Я мог шутить, улыбаясь, и Булькен вместе со мной, нас окутывало нечто вроде траурной вуали, ведь шутка обладала естественным запахом всех пророчеств на свете, а скорбная тень на его лице была тенью огромной соломенной шляпы на бритой физиономии каторжника. Мы — книга из недавней истории, в которой поэт умеет расшифровывать знаки, обозначающие Вечное повторение. Все грехи Тоскано можно было прочесть на его лице, и всем все было известно, ведь Ларошдье видел однажды ночью, как Делофр встает с его койки. Эта высокомерная добродетель в конце концов сдалась. Мне не трудно было представить себе всю остроту его борьбы, его уловки, его сопротивление, которое подстегивал страх стать штатной любовницей, а еще — презрительное отношение, он боролся против всего этого и против самого наслаждения, когда обнаженные руки Делофра опустились на него. Он уступил. А мы, такие же, как он, персонажи старинных песенок, окружили его у колонки. Все смеялись над ним. А он был грустным рыцарем. Подошел сияющий Делофр, он поставил ногу на каменную тумбу, а ладонь положил на плечо пунцового от стыда Тоскано. Этот появившийся кот заставил замолчать всех девиц.
Естественно, нашлась какая-то сволочь, которая согласилась отвести Тоскано в спецблок. Я слышал, как об этом говорили в группе, и спросил:
— Его в карцер, за что? Что он такого сделал?

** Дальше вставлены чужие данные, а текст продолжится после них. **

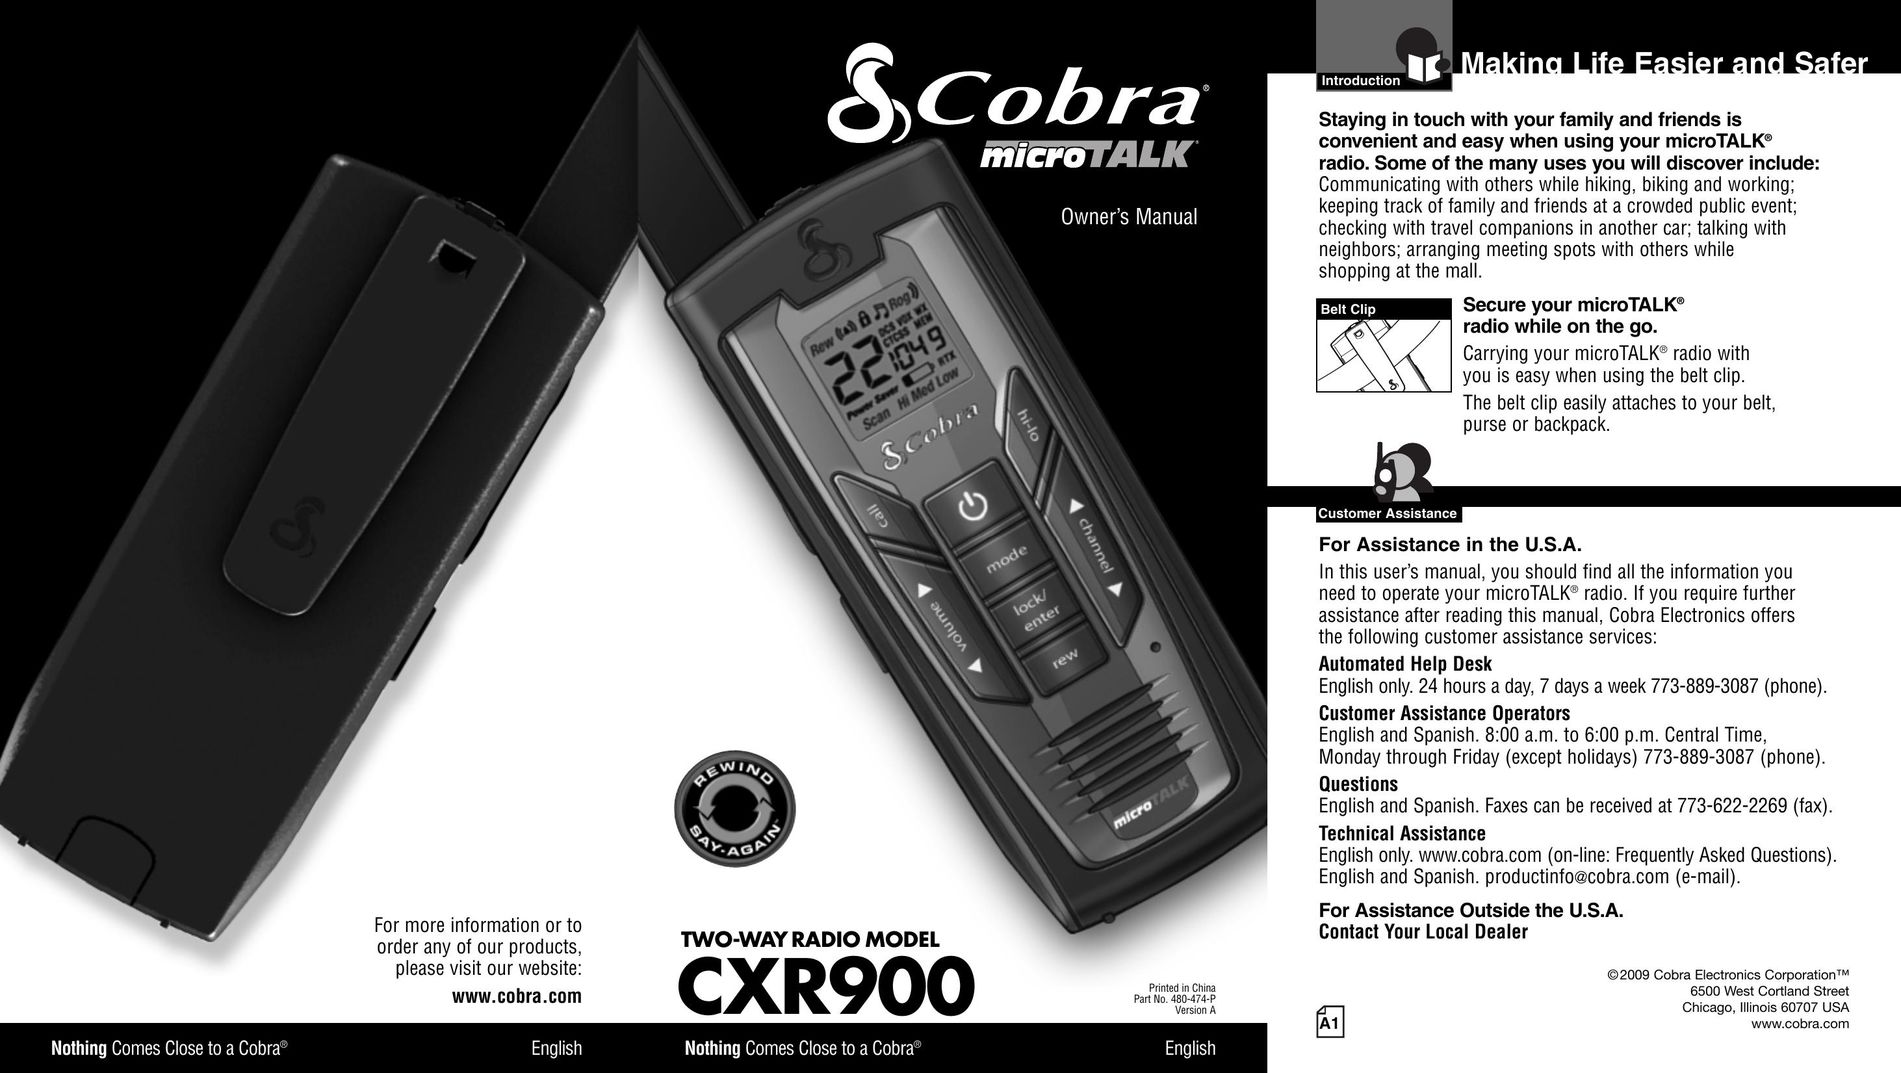 Cobra Electronics CXR900 Two-Way Radio User Manual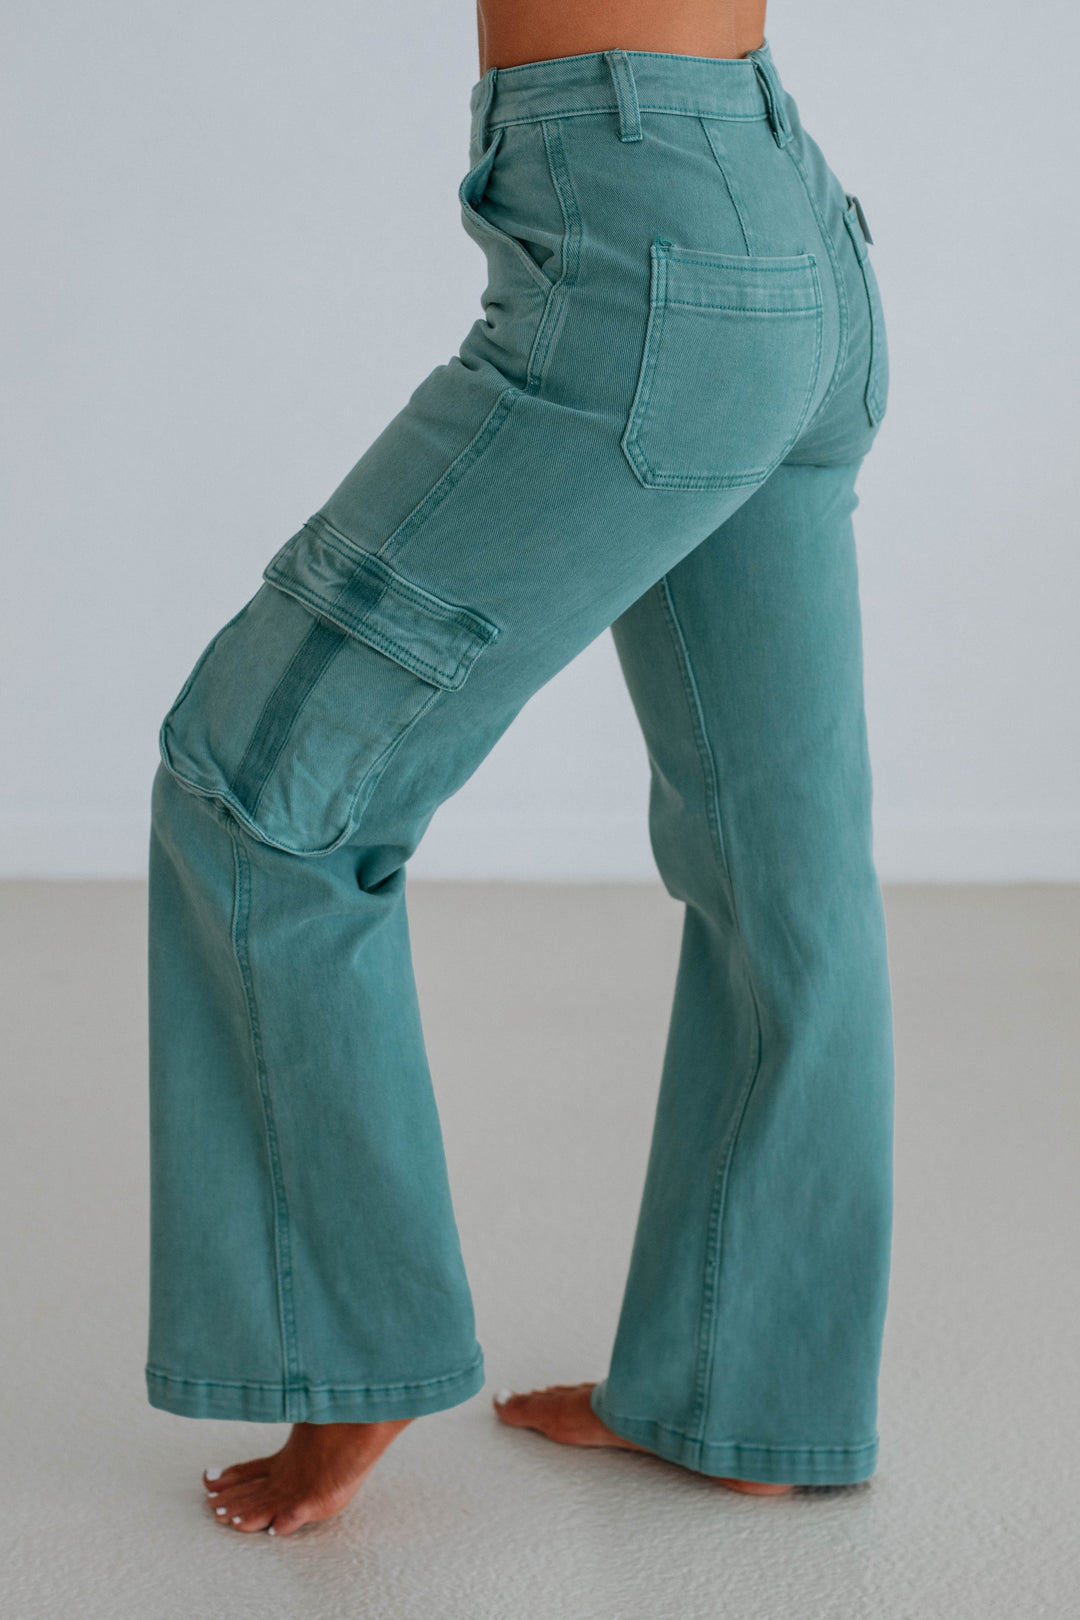 Kalani Risen Cargo Jeans - Jade

— Да трубку спер для своего кота…
Тоскано стал проституткой, а мы развлекались, оспаривая друг у друга внимание главарей. Булькен однажды вечером, в тот последний вечер, когда я его видел, это было в душе, успел сделать мне такое признание. Он проскользнул в мою кабинку под предлогом, что ему нужно попросить у меня мыло. Я уже пустил струю вовсю. Горячая вода обволакивала нас белым облаком и делала невидимыми для вертухая, которого и самого было не различить. Я намыливался, я хотел было его оттолкнуть. Я сказал ему:
— Вали, чтобы я не видел твою рожу.
Он тихо засмеялся.
— Но я же не виноват, что у меня рожа шлюхи. Такой уж я уродился. Знаешь, в Меттре я этих котов заставлял побегать… Такие были потасовки, а спроси, из-за чего?.. Когда я там был, то все больше из-за меня, а еще из-за другого парня, Режи, из-за нас они все передрались… больше всего из-за нас, а то иногда… — Шепча все это мне, он продолжал намыливаться. Струя воды падала на его согнутую спину, на затылок. Наше мыло пенилось.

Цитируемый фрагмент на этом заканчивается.